**WHAT IS EXPECTED**:
Transcribe the listing in full, excluding any pictures.

**GIVEN INFORMATION**:
========================================
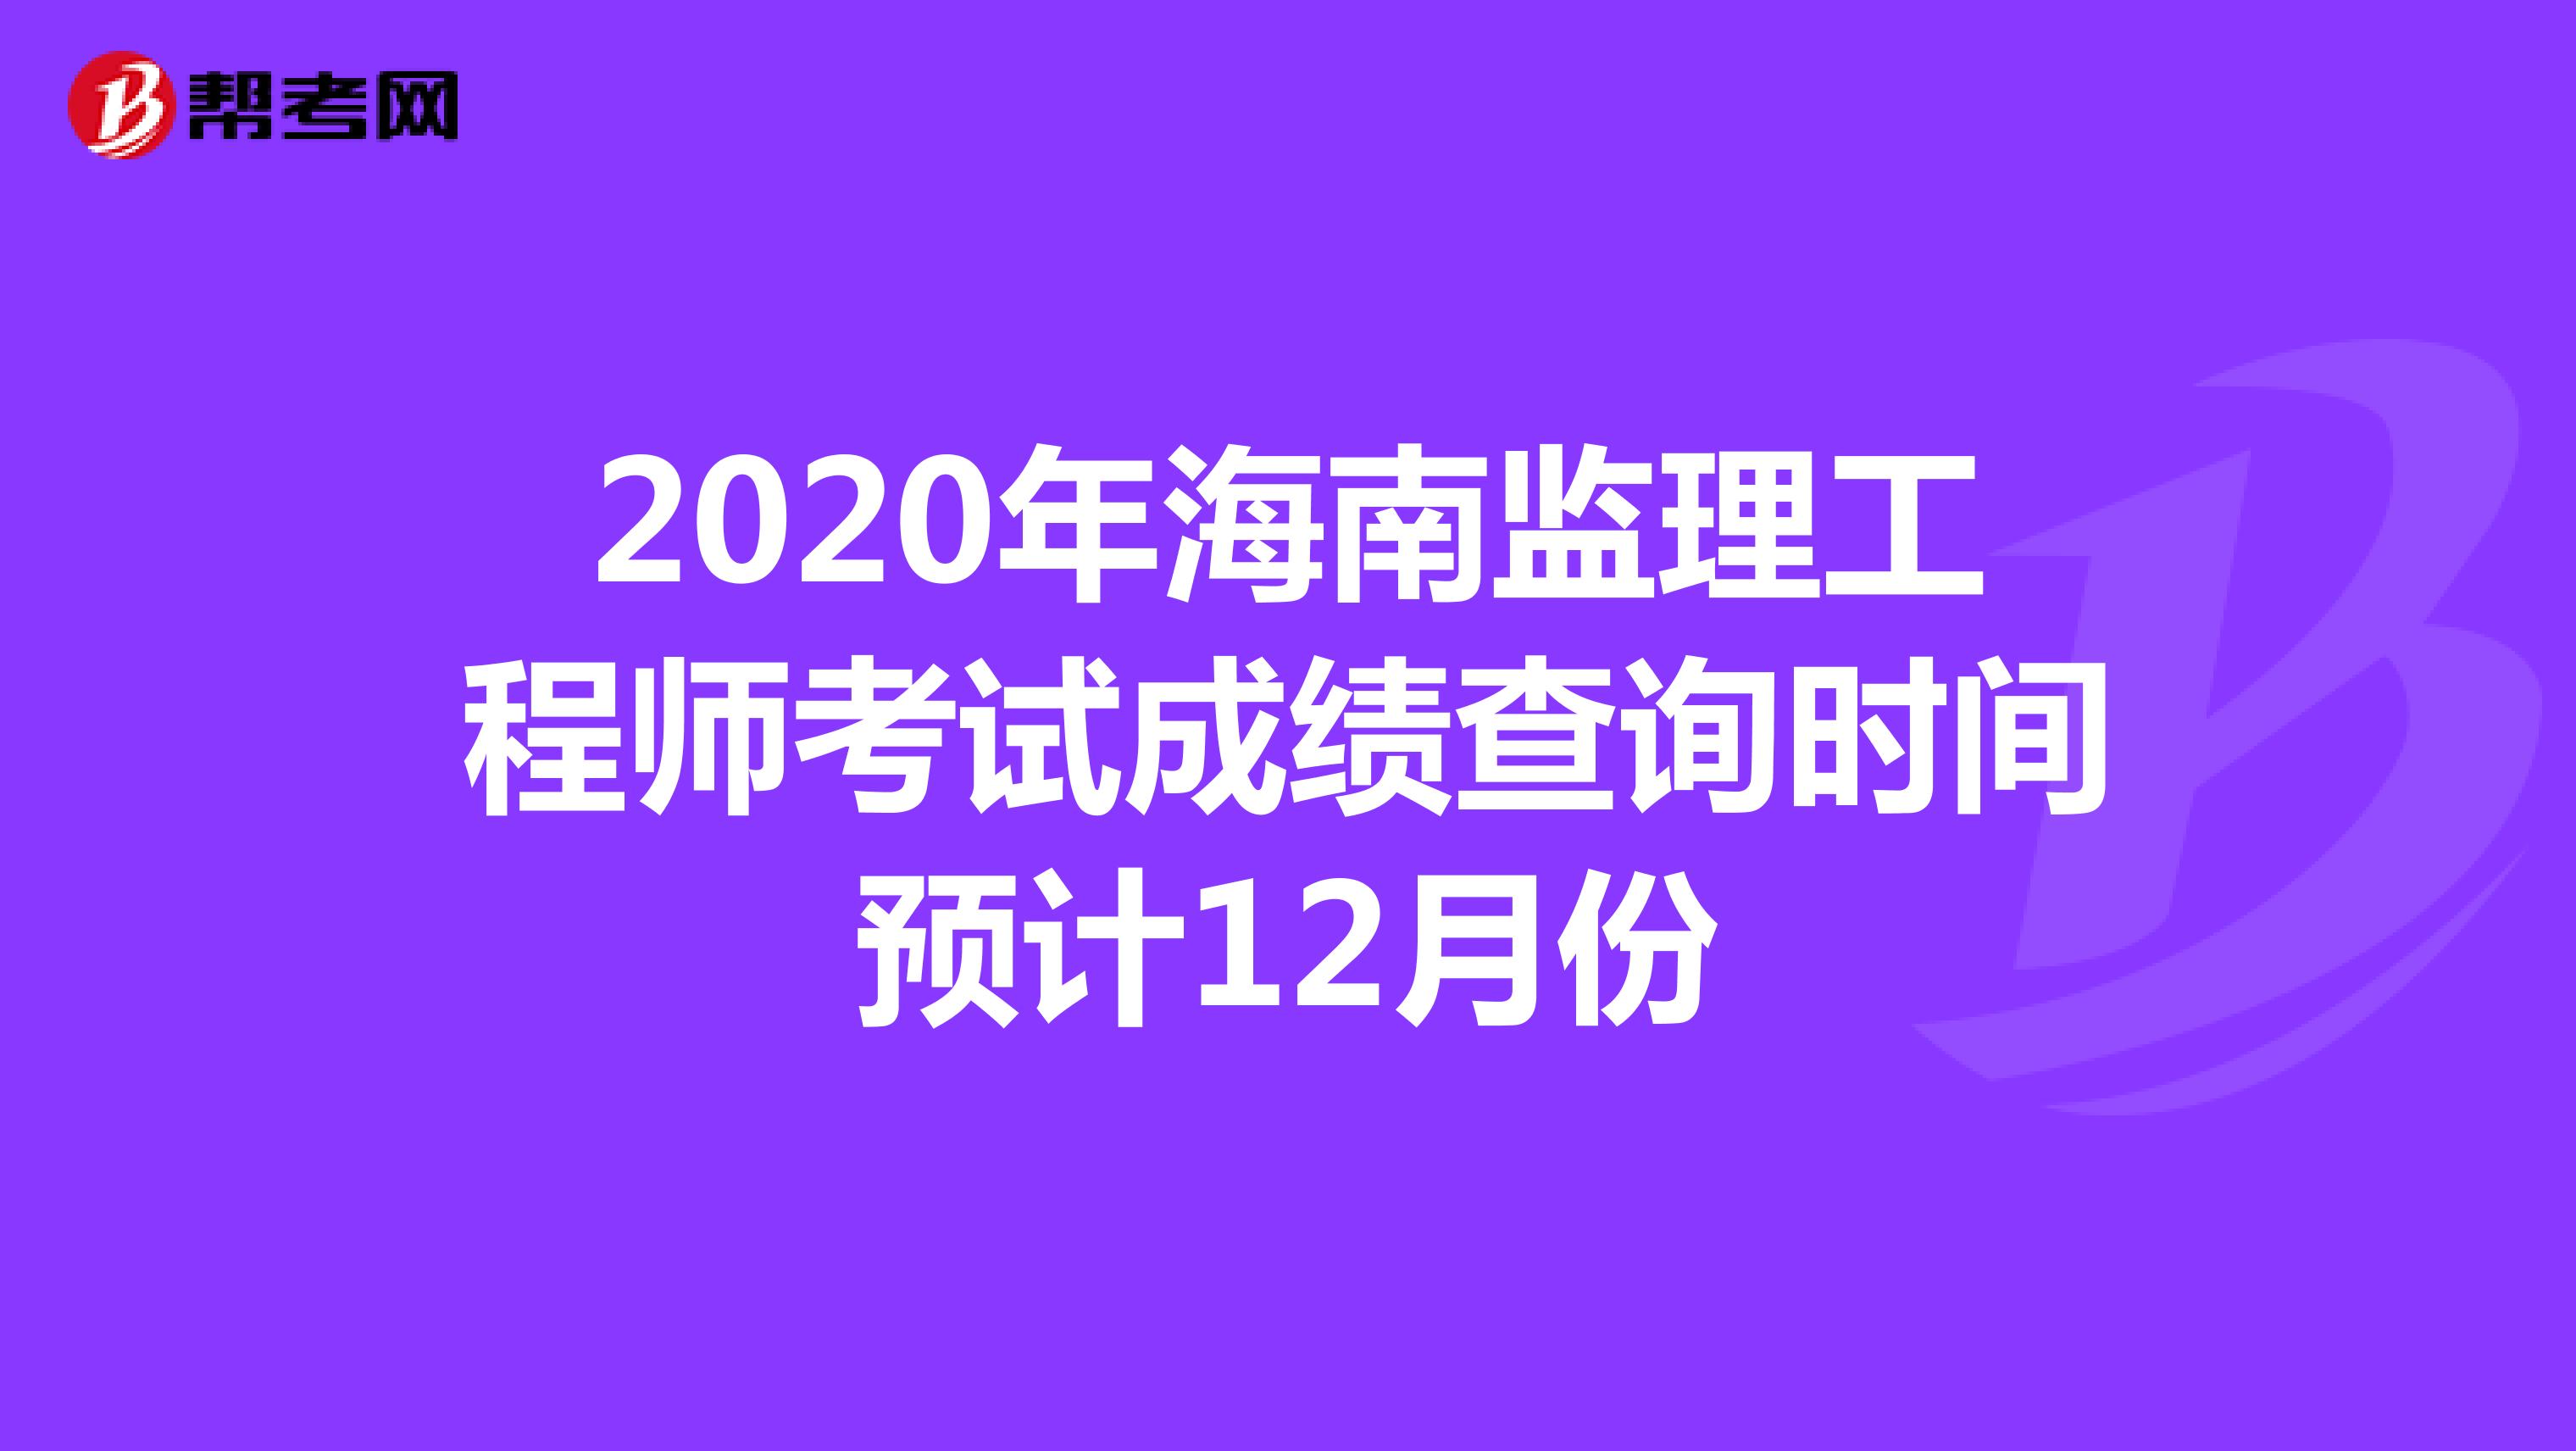 2020年海南监理工程师考试成绩查询时间预计12月份
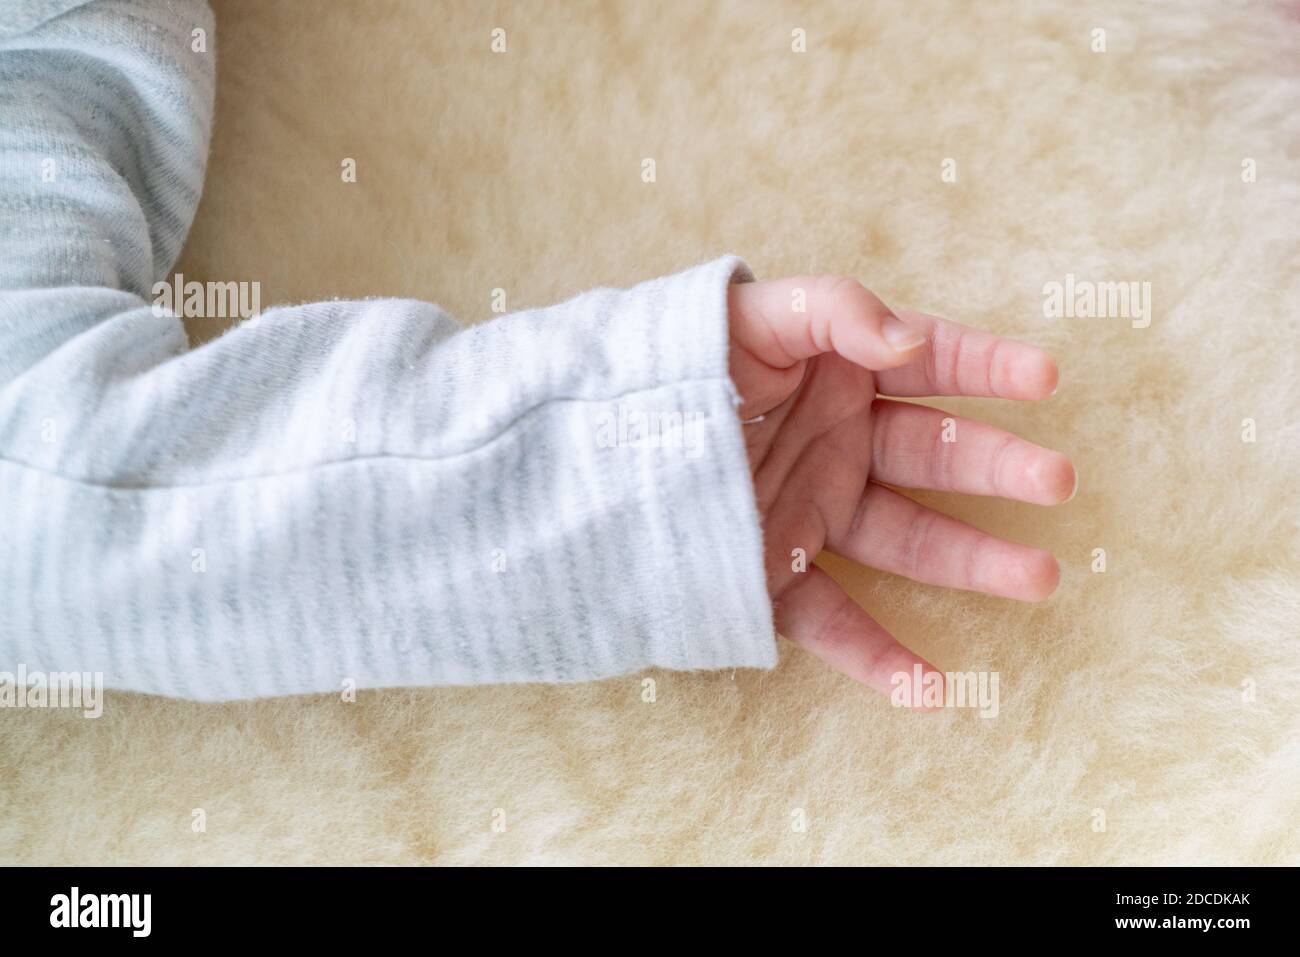 pequeña, linda mano de una pequeña niña o niño recién nacido caucásico que lleva una camisa blanca sobre un suave y acogedor fondo de piel de cordero Foto de stock
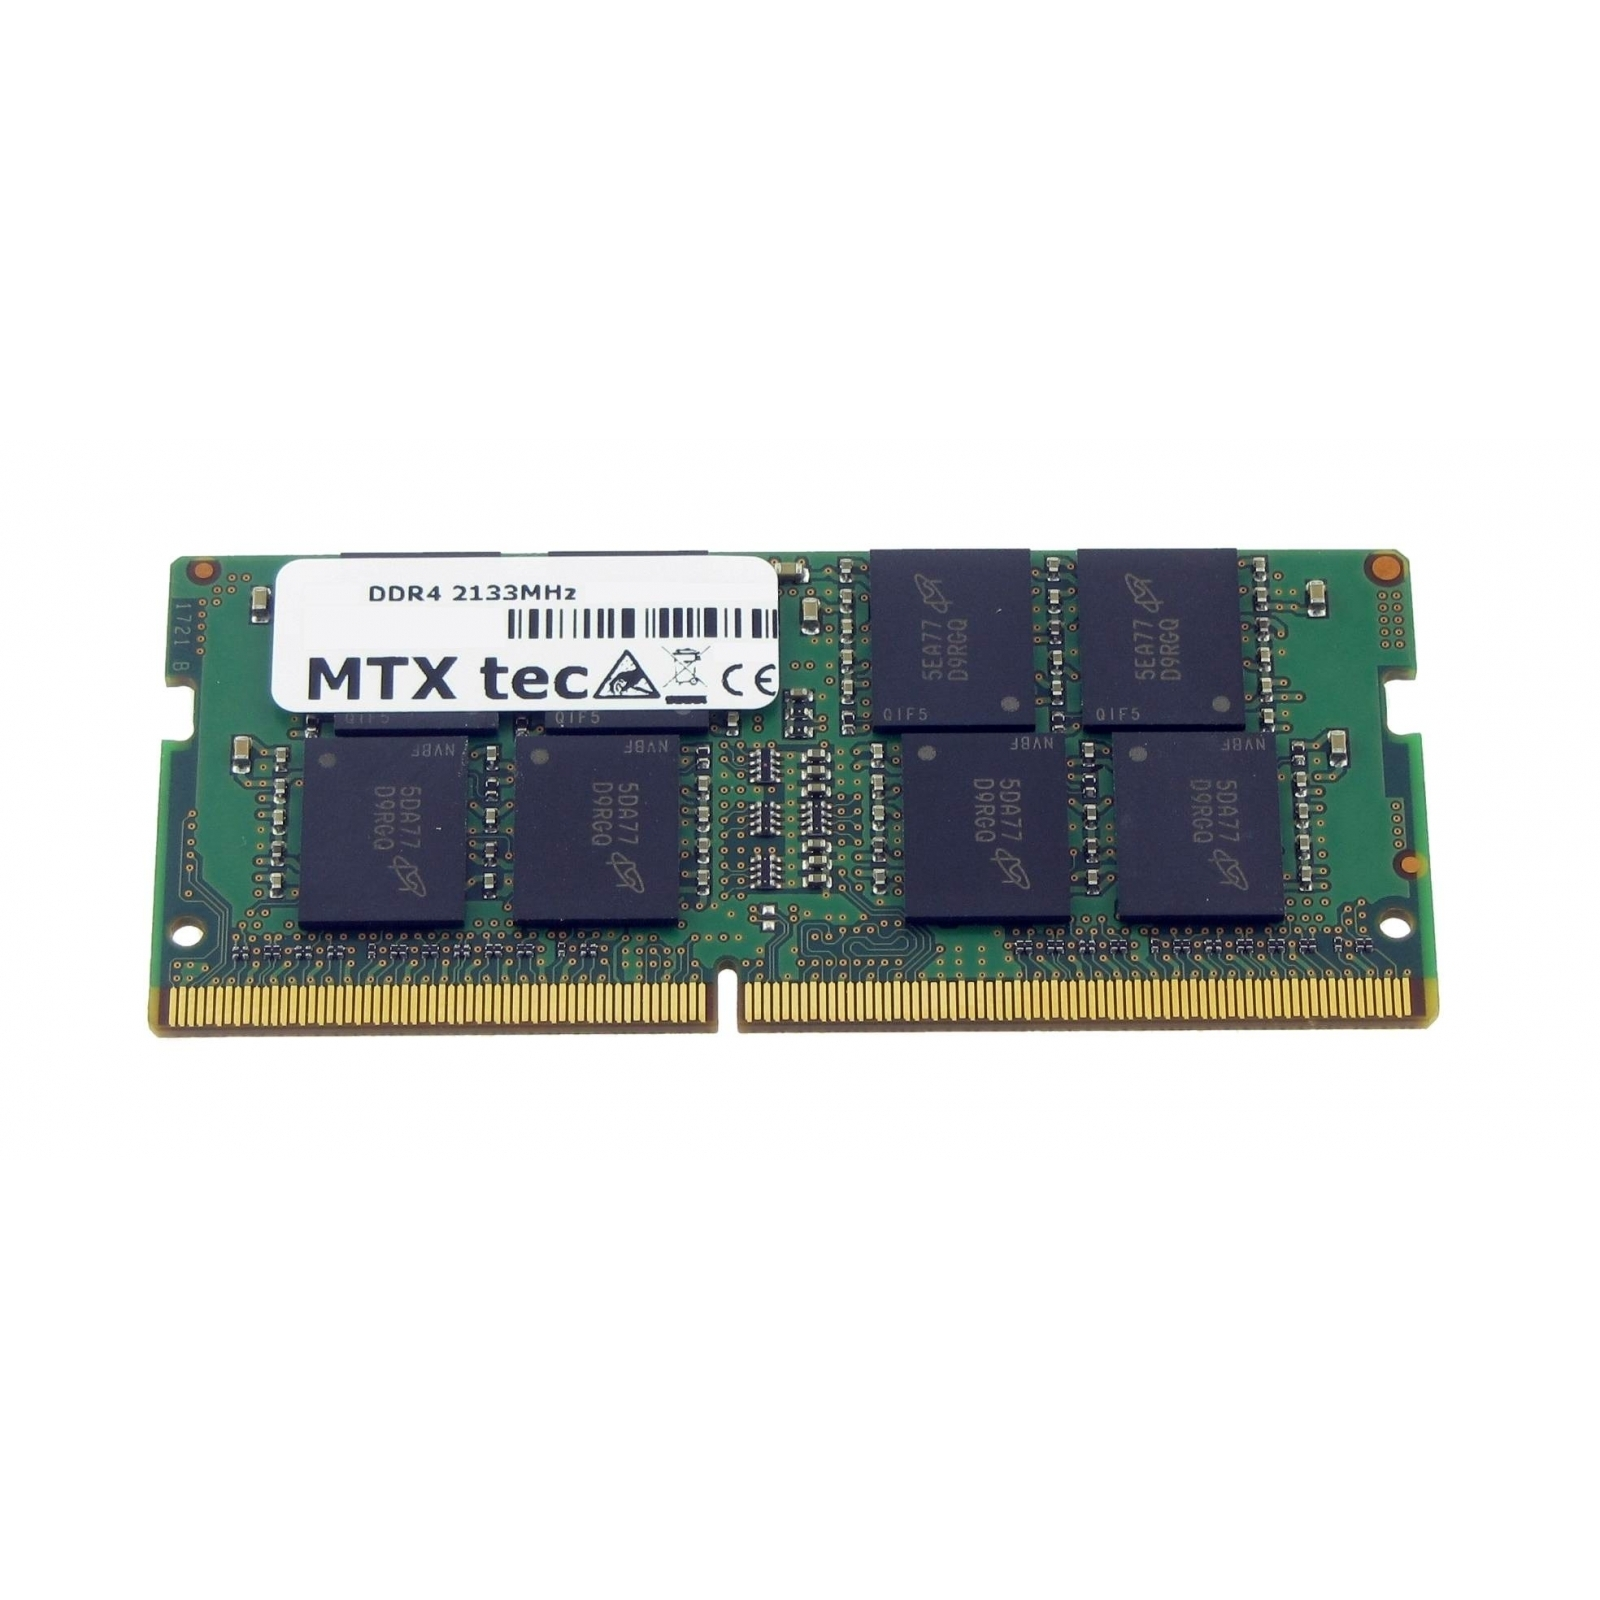 für LifeBook 16 GB MTXTEC DDR4 FUJITSU 16 RAM E756 Arbeitsspeicher Notebook-Speicher GB
========================================
**WRITTEN SOLUTION**:
 2020年海南监理工程师考试成绩查询时间预计12月份
 pequeña, linda mano de una pequeña niña o niño recién nacido caucásico que lleva una camisa blanca sobre un suave y acogedor fondo de piel de cordero Foto de stock
 für LifeBook 16 GB MTXTEC DDR4 FUJITSU 16 RAM E756 Arbeitsspeicher Notebook-Speicher GB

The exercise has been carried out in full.